• **Exercise**:
Retype word for word the stretch of entries below from the line that has "We are wishing" through the line that has "Allover Pattern -- The", and omit the pictures.

• **Records supplied**:
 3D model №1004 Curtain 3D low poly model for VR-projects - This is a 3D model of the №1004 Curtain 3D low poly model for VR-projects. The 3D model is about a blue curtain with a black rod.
* * *
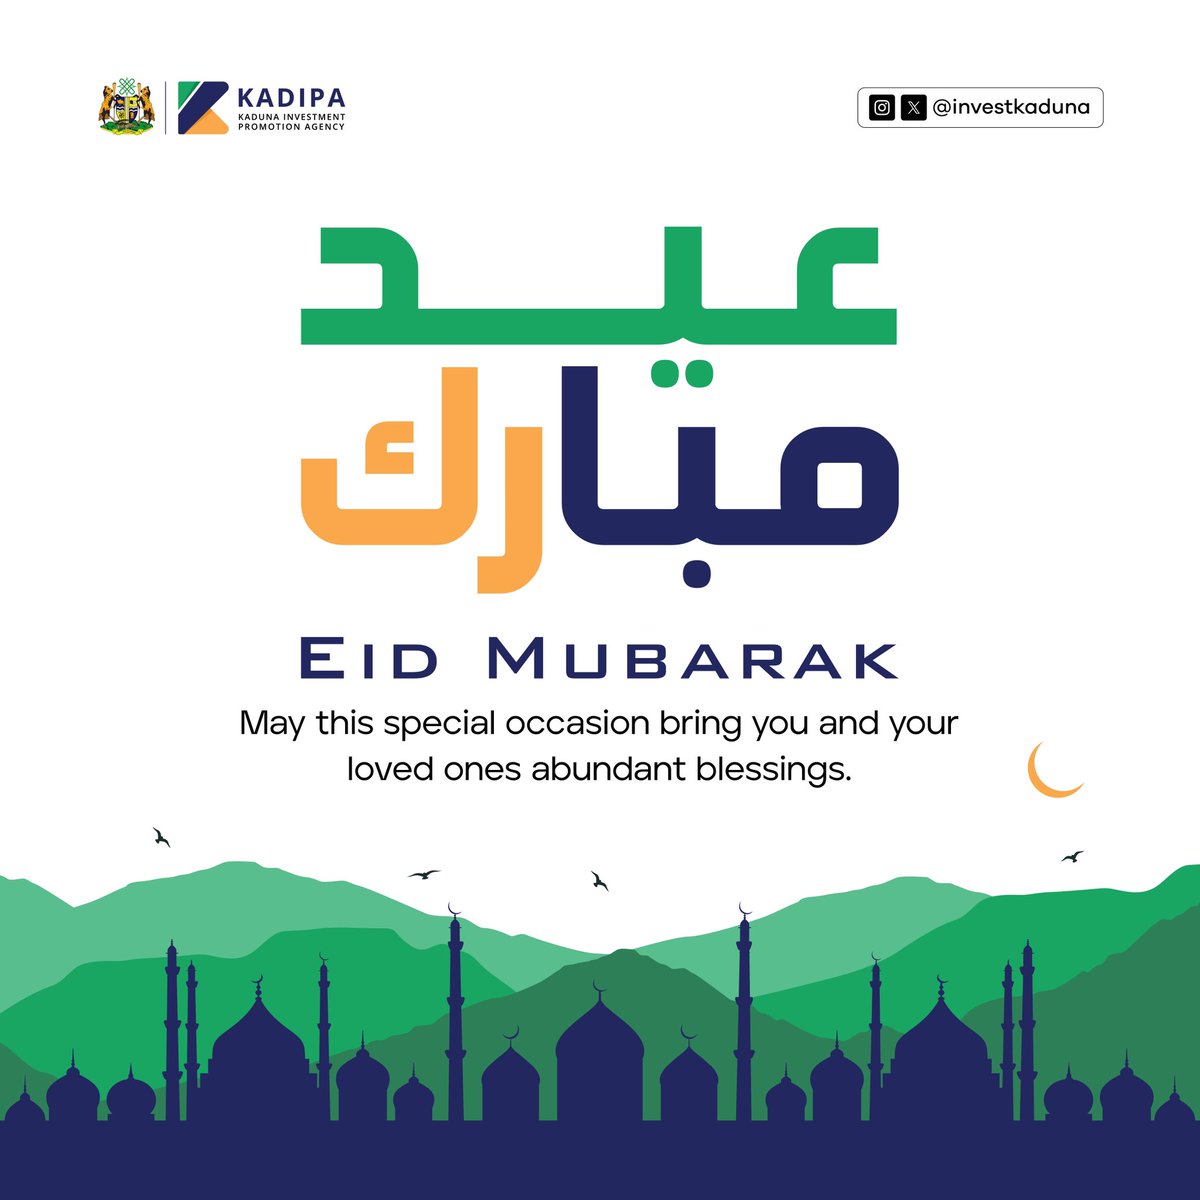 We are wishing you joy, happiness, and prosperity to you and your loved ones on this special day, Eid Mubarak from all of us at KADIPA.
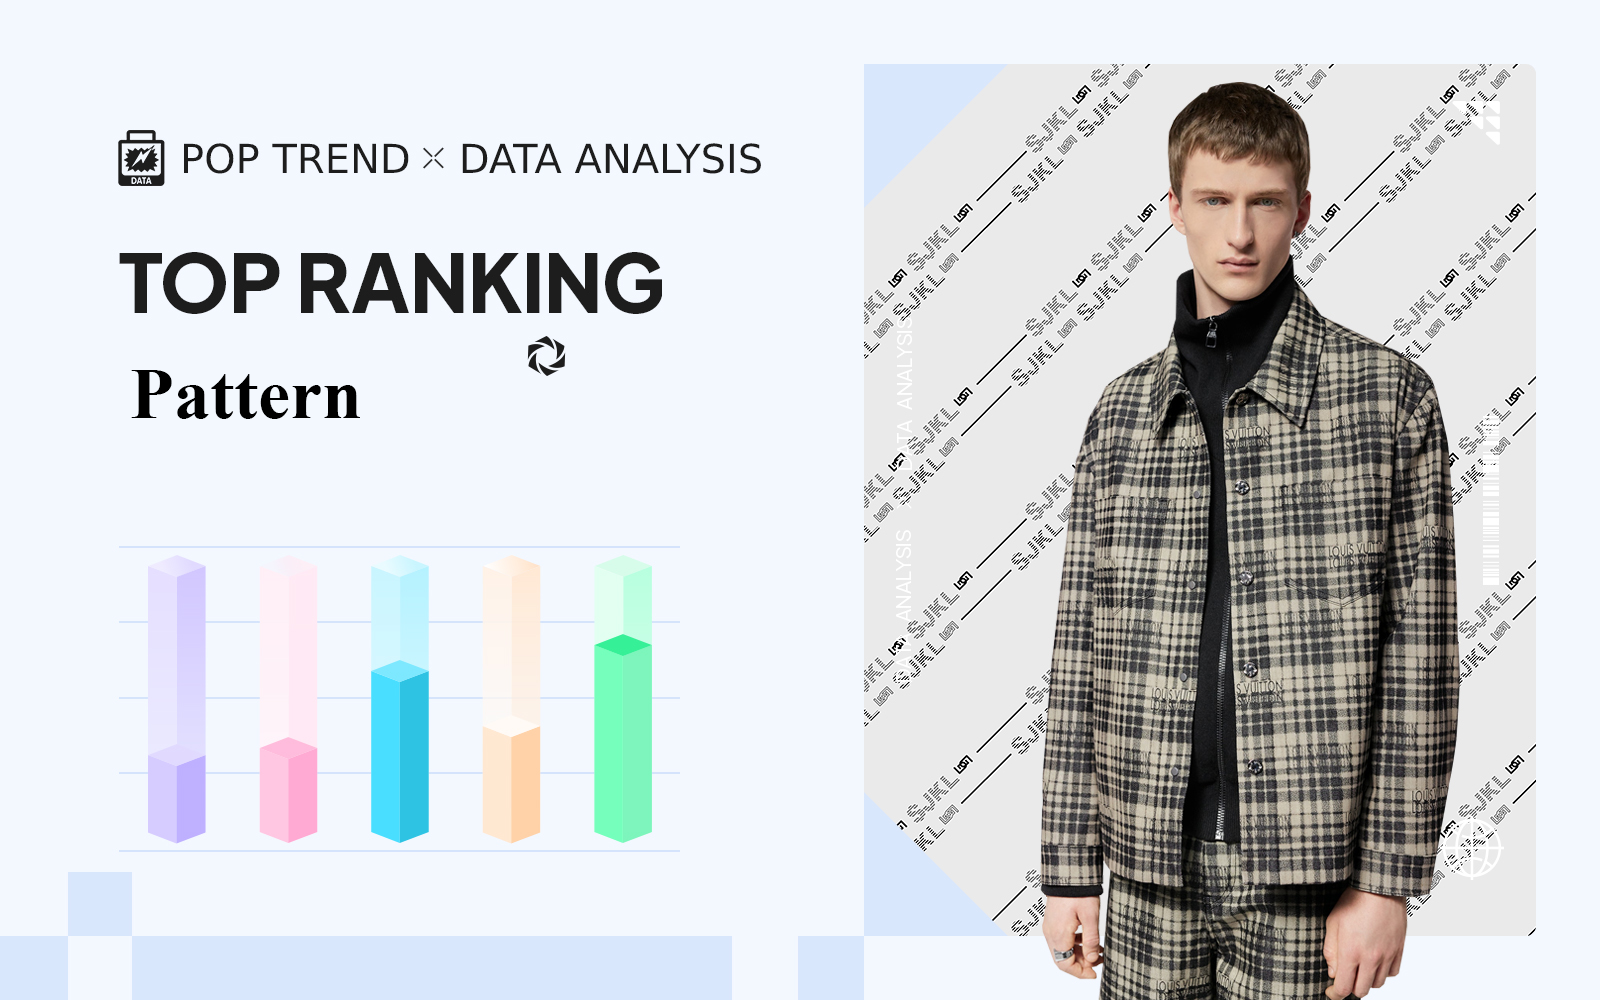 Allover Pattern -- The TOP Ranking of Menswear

• **Worked solution**:
 We are wishing you joy, happiness, and prosperity to you and your loved ones on this special day, Eid Mubarak from all of us at KADIPA.
 Allover Pattern -- The TOP Ranking of Menswear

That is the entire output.